Previous work [1] has demonstrated the idea of correcting meshes post-hoc via 2D rasterised views. We address its two main limitations. Firstly, we deal with the issue of overly smooth predictions. We propose some architecture and training changes: we add skip connections from the encoder to the decoder in our CNN, which are known to help in localising edges in predictions; we propose a loss-weighting method that penalises incorrect predictions more the closer

they are to an edge. Secondly, predictions on nearby views are not always consistent, i.e. when applying the predicted corrections the geometry of the scene is not always the same. To improve consistency, we employ a view synthesis based loss, and show that this also improves the performance of the network. An illustration of this idea is shown in Figure 1. Our contributions are as follows: Error correction: We propose a CNN model that is able to correct 2D views of a dense 3D reconstruction. We propose a novel weighting mechanism to improve performance around edges in the prediction. We evaluate it against existing work and show that we outperform it, especially when images are from multiple viewpoints. Geometric consistency: We adapt the photometric consistency loss that features in related tasks such as depth-from-mono [2] to the task of correcting reconstructions. This is a novel use of the loss, which has thus far only been employed on RGB images. We leverage the existing reconstruction to compute occlusion masks, and thus exclude from the loss areas where geometric consistency is impossible. We show that this use of geometric consistency as an auxiliary loss further improves our model.

II. RELATED WORK

Several systems for building 3D reconstructions have been proposed, such as BOR2G [3] or KinectFusion [4]. Our approach is to correct the output of such a system by looking at the meshes it builds. As we operate on inverse-depth images, our work is similar to depth refinement. Below, we review some of the literature on that topic, as well as some other methods that our system draws inspiration from.

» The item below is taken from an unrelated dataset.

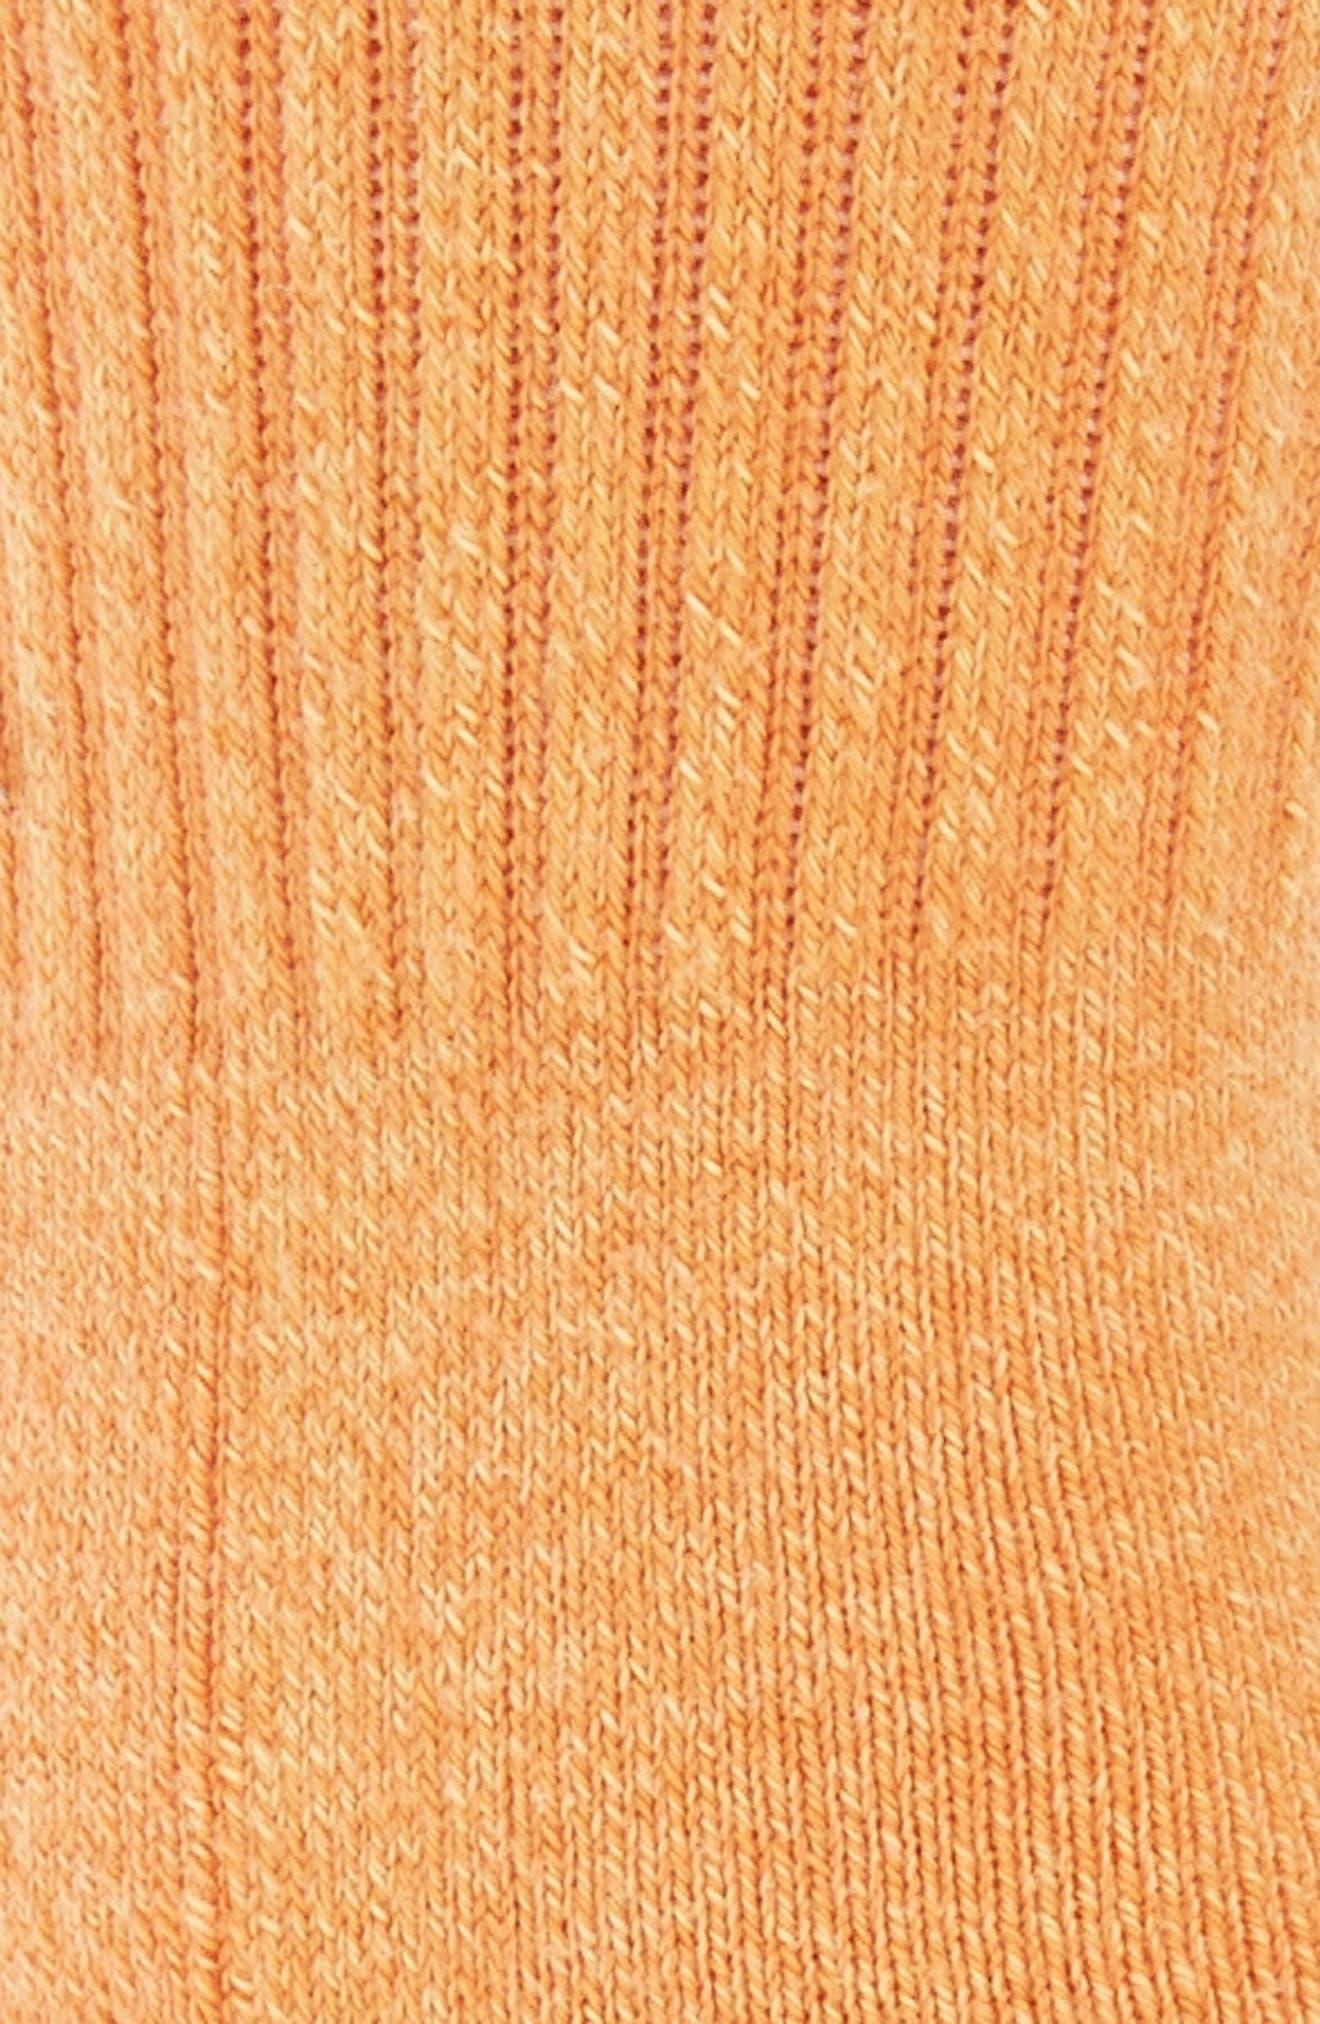 Salty Crew Socks,                             Alternate thumbnail 2, color,                             810

Learnt depth refinement and completion: Some methods for learning depth map refinement and completion have been recently proposed. [5], [6] propose CNN model for solving the KITTI Depth Completion Challenge, where sparse depth maps produced from laser data are densified. [7] use normalised convolutions [8] to predict dense depth maps that have been sparsely sampled. These methods all rely on having some sort of high-quality, usually laser, depth information (albeit sparse) at run-time, and are only designed to fill in the missing data. In contrast, we only require high-quality data during training, and our method aims to refine depth from a low-quality mesh in a more general sense – both filling in blanks, as well as refining existing surfaces.

A few other methods more closely related in spirit to ours aim to learn depth refinement using meshes as reference. [9] use dictionary learning to model the statistical relationships between raw RGB-D images, and high-quality depth data obtained by fusing multiple depth maps with KinectFusion [4]. Two other recent works use fused RGB-D reconstruction to obtain high-quality reference data and train CNNs to enhance depth. [10] uses a colour image to predict normals and occlusion boundaries, supervised by the 3D reconstruction, and then formulates an optimisation problem to fill in holes in an aligned depth image. [11] introduce a 4000-image dataset of raw/clean depth image pairs, and train a CNN to enhance raw depth maps. Furthermore, they show that 3D

Fig. 2. Example mesh features. We fly a camera through an existing mesh and at each location produce mesh features. During training, inverse-depth images of a high-quality mesh are available, and our model learns a mapping from the mesh features pictured above to the high-quality inverse-depth. We refer the reader to [1] for an analysis of the relative usefulness of mesh features.

reconstructions can be obtained with fewer data and quicker when using their depth-enhancing network. These methods all rely on live colour images to guide the refinement or completion of live depth. That means that only limited data is available for training. In contrast, our purely mesh-based formulation allows us to extract many more training pairs from any viewpoint, removing any viewpoint-specific bias that might otherwise surface while learning.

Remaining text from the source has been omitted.